- **Materials provided**:
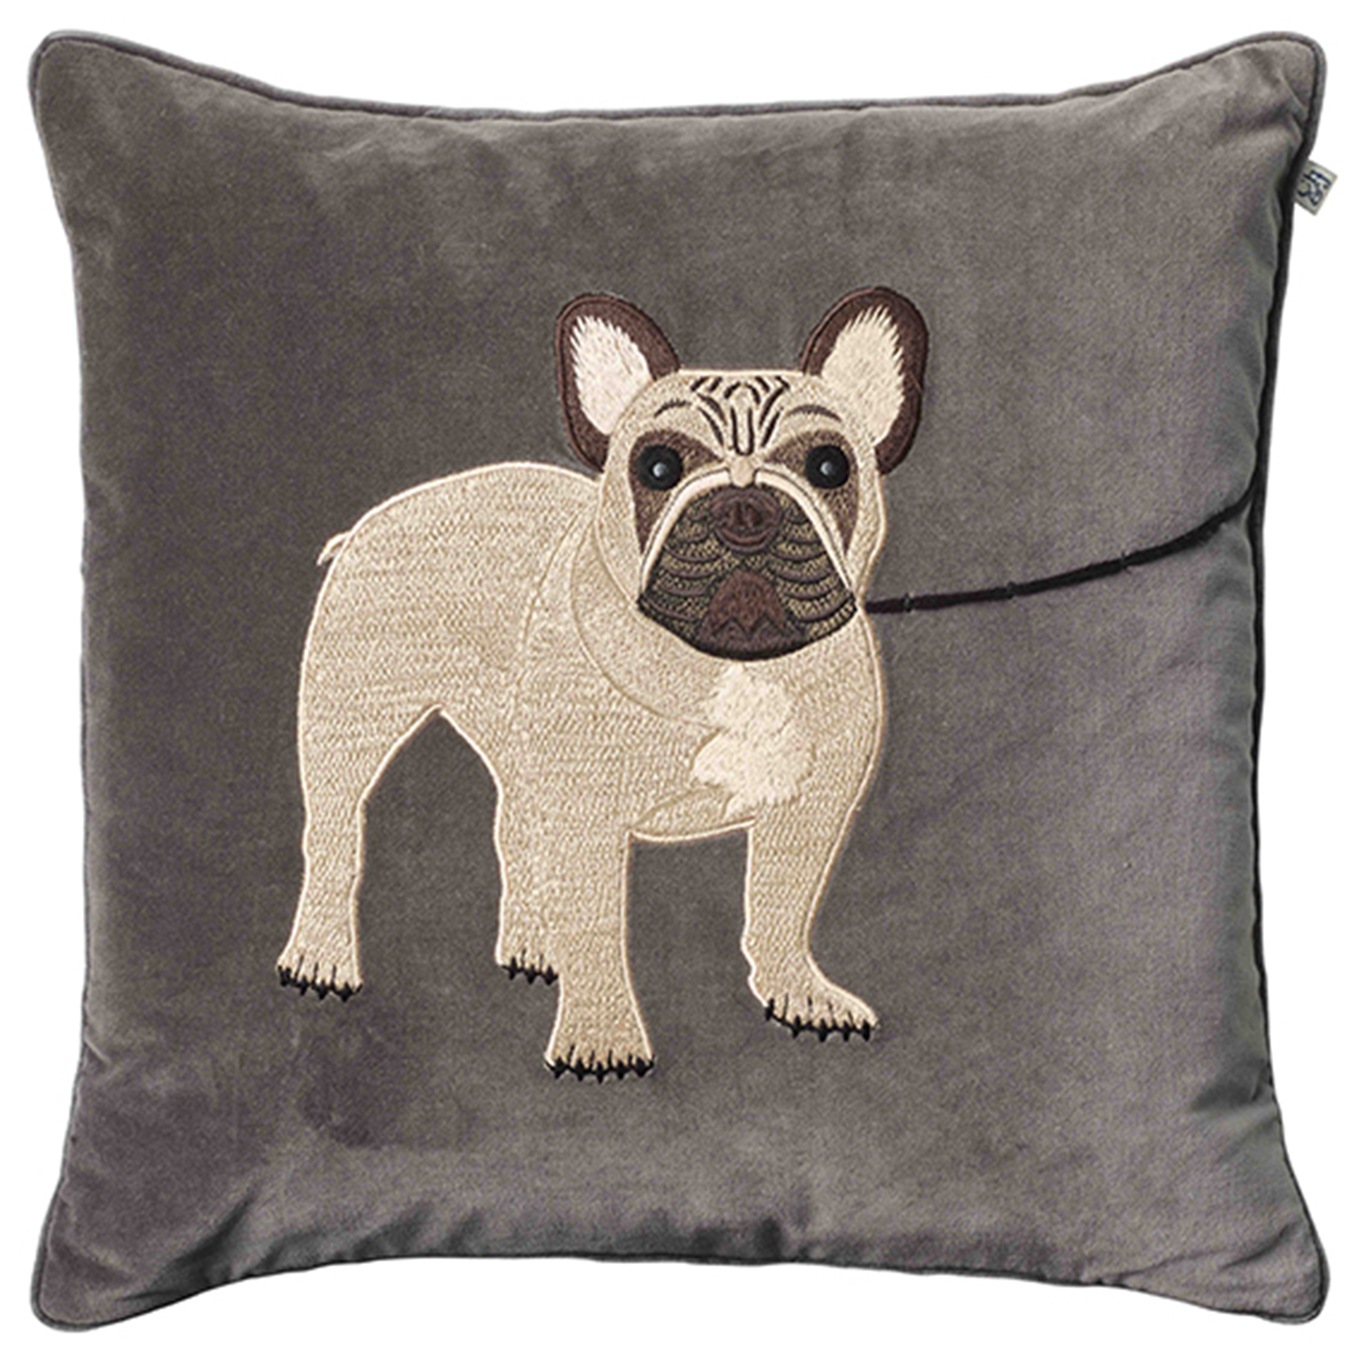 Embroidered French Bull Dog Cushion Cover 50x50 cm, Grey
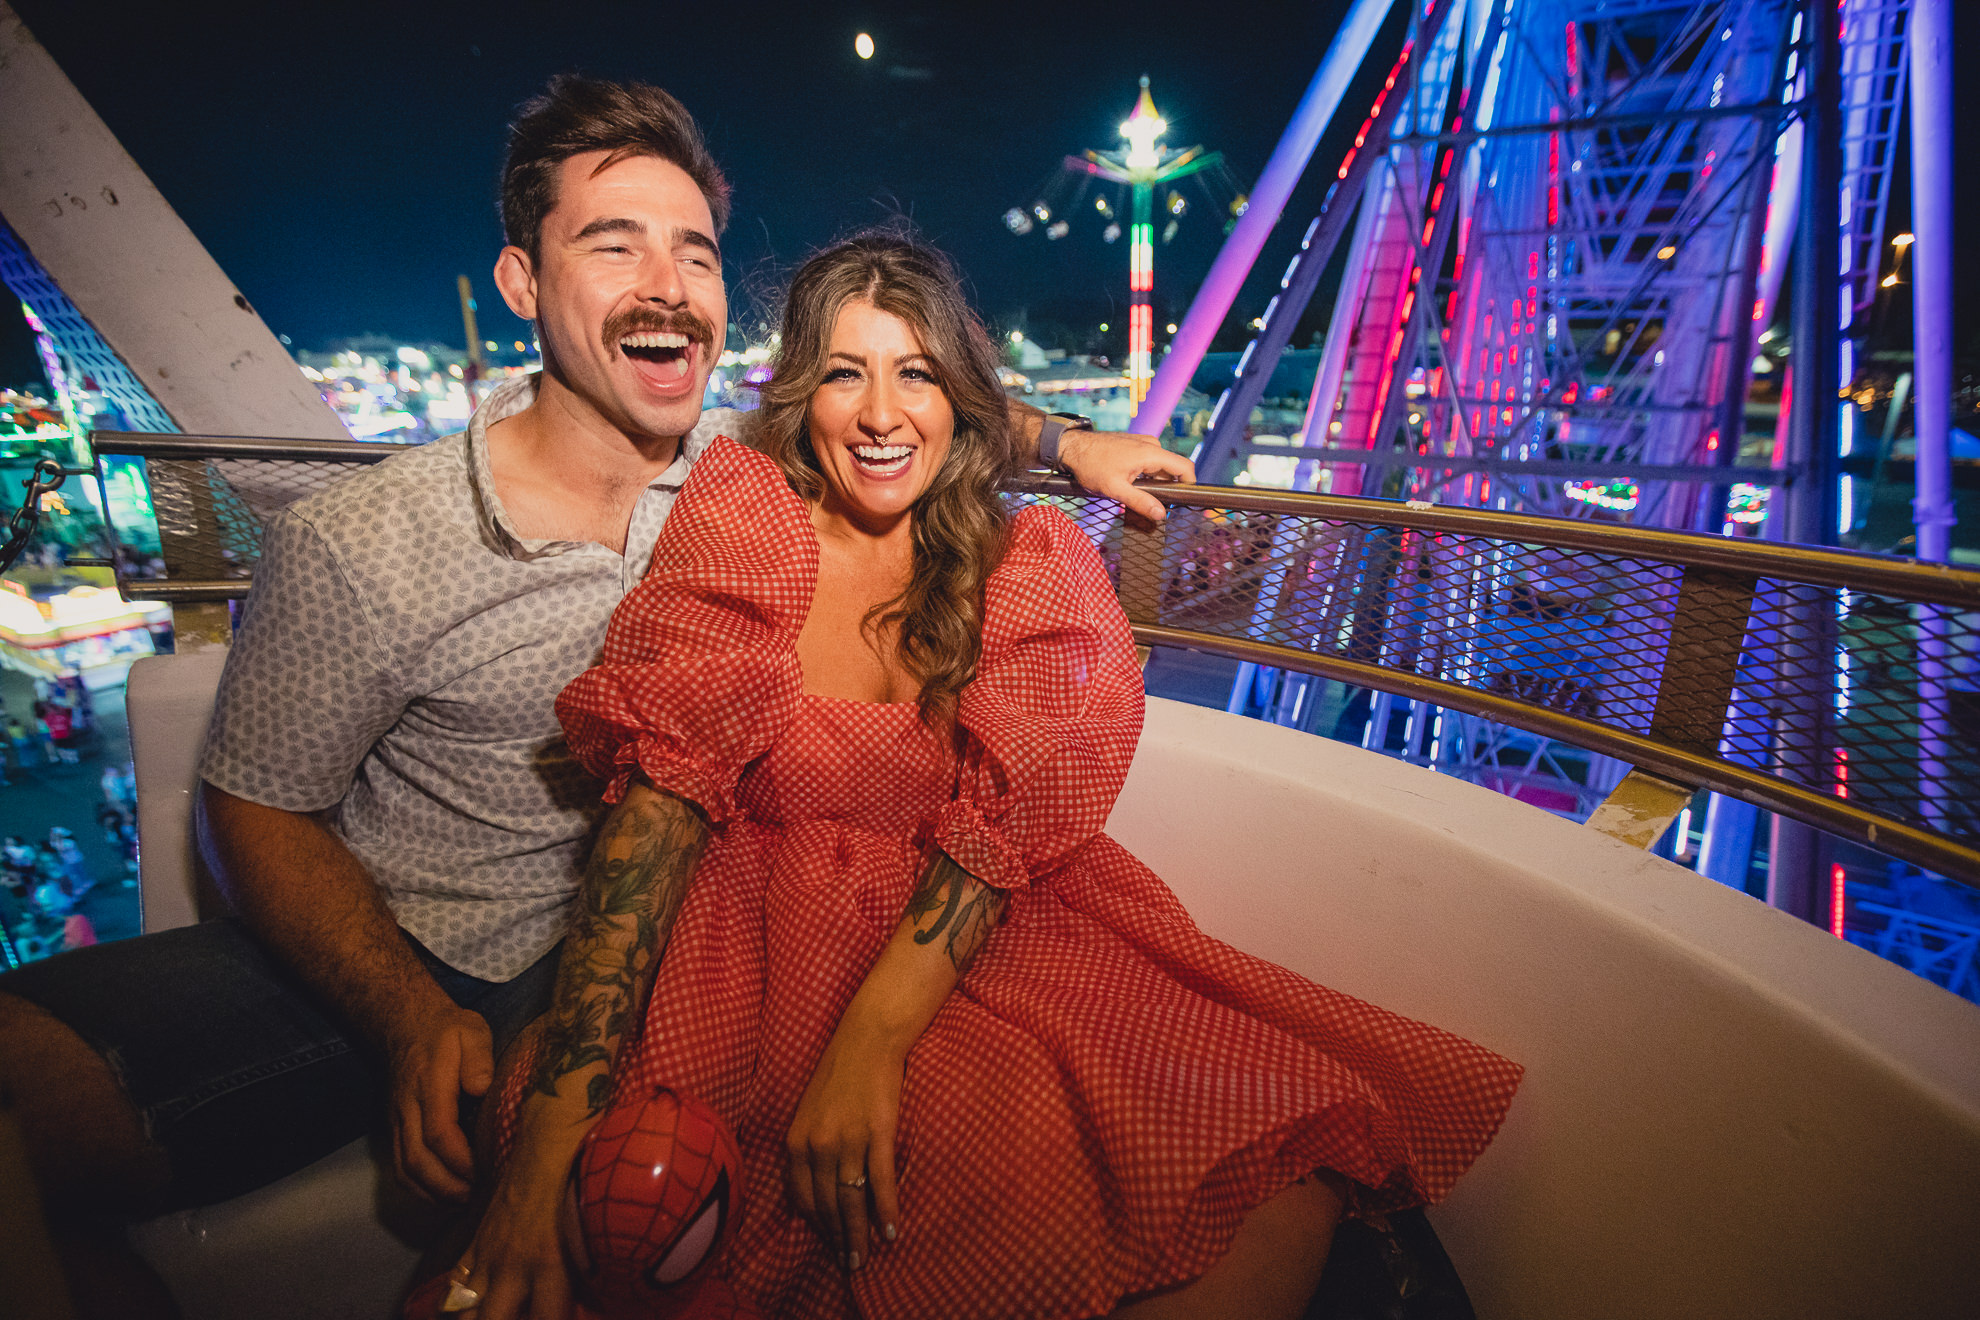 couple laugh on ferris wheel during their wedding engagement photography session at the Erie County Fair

==

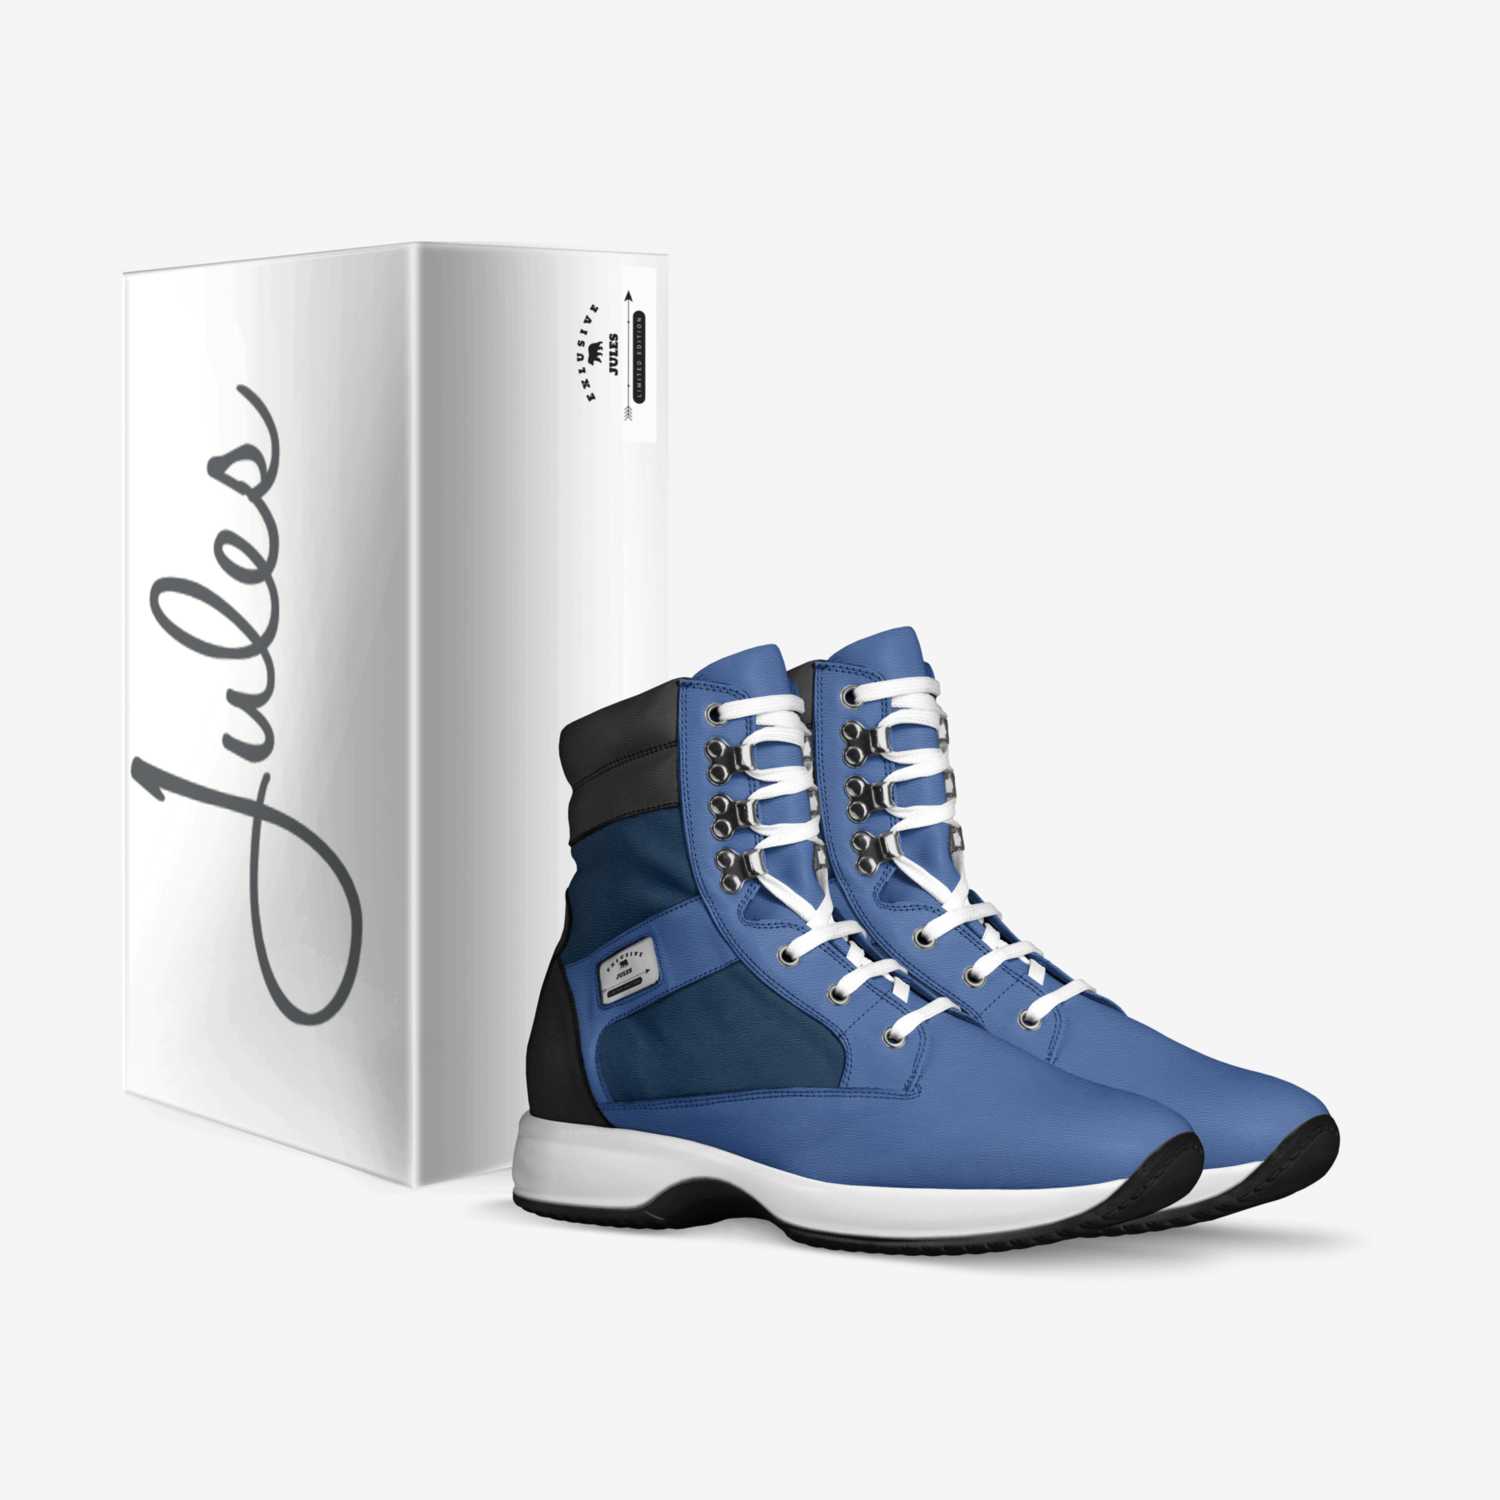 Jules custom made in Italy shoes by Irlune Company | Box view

--

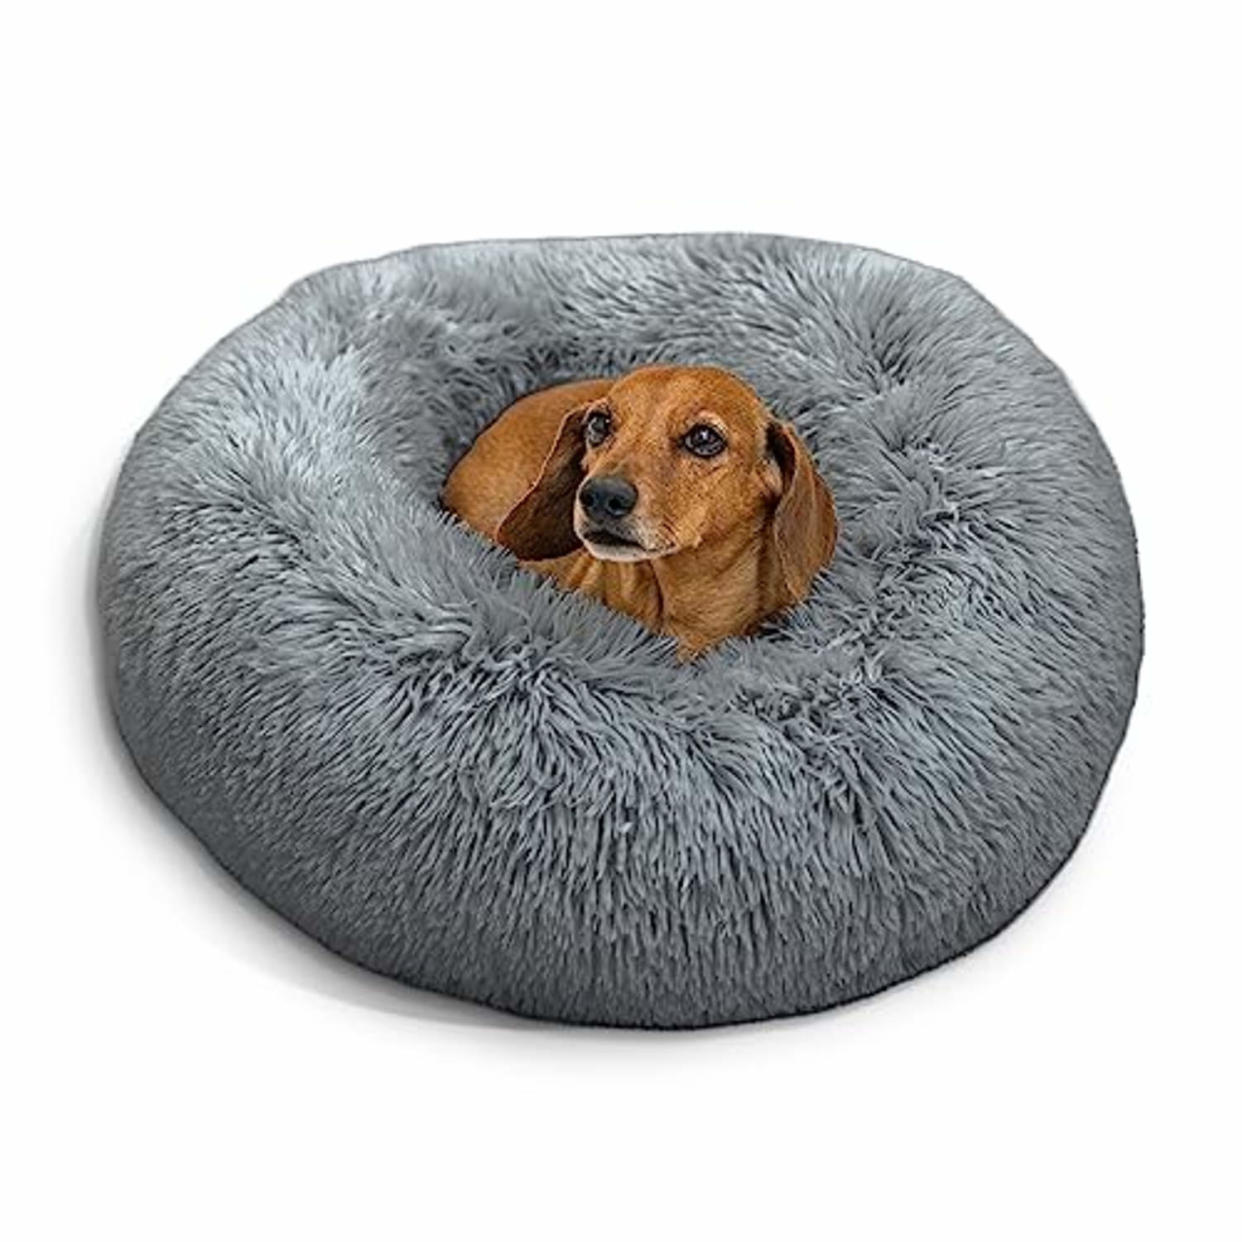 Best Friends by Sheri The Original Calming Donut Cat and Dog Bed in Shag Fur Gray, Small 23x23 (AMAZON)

- **Your task**: Would you copy, word for word, only the lines above from the one containing "Embroidered French Bull" through the one containing "couple laugh on", both included, and please leave out the pictures?

- **Written answer**:
 Embroidered French Bull Dog Cushion Cover 50x50 cm, Grey
 couple laugh on ferris wheel during their wedding engagement photography session at the Erie County Fair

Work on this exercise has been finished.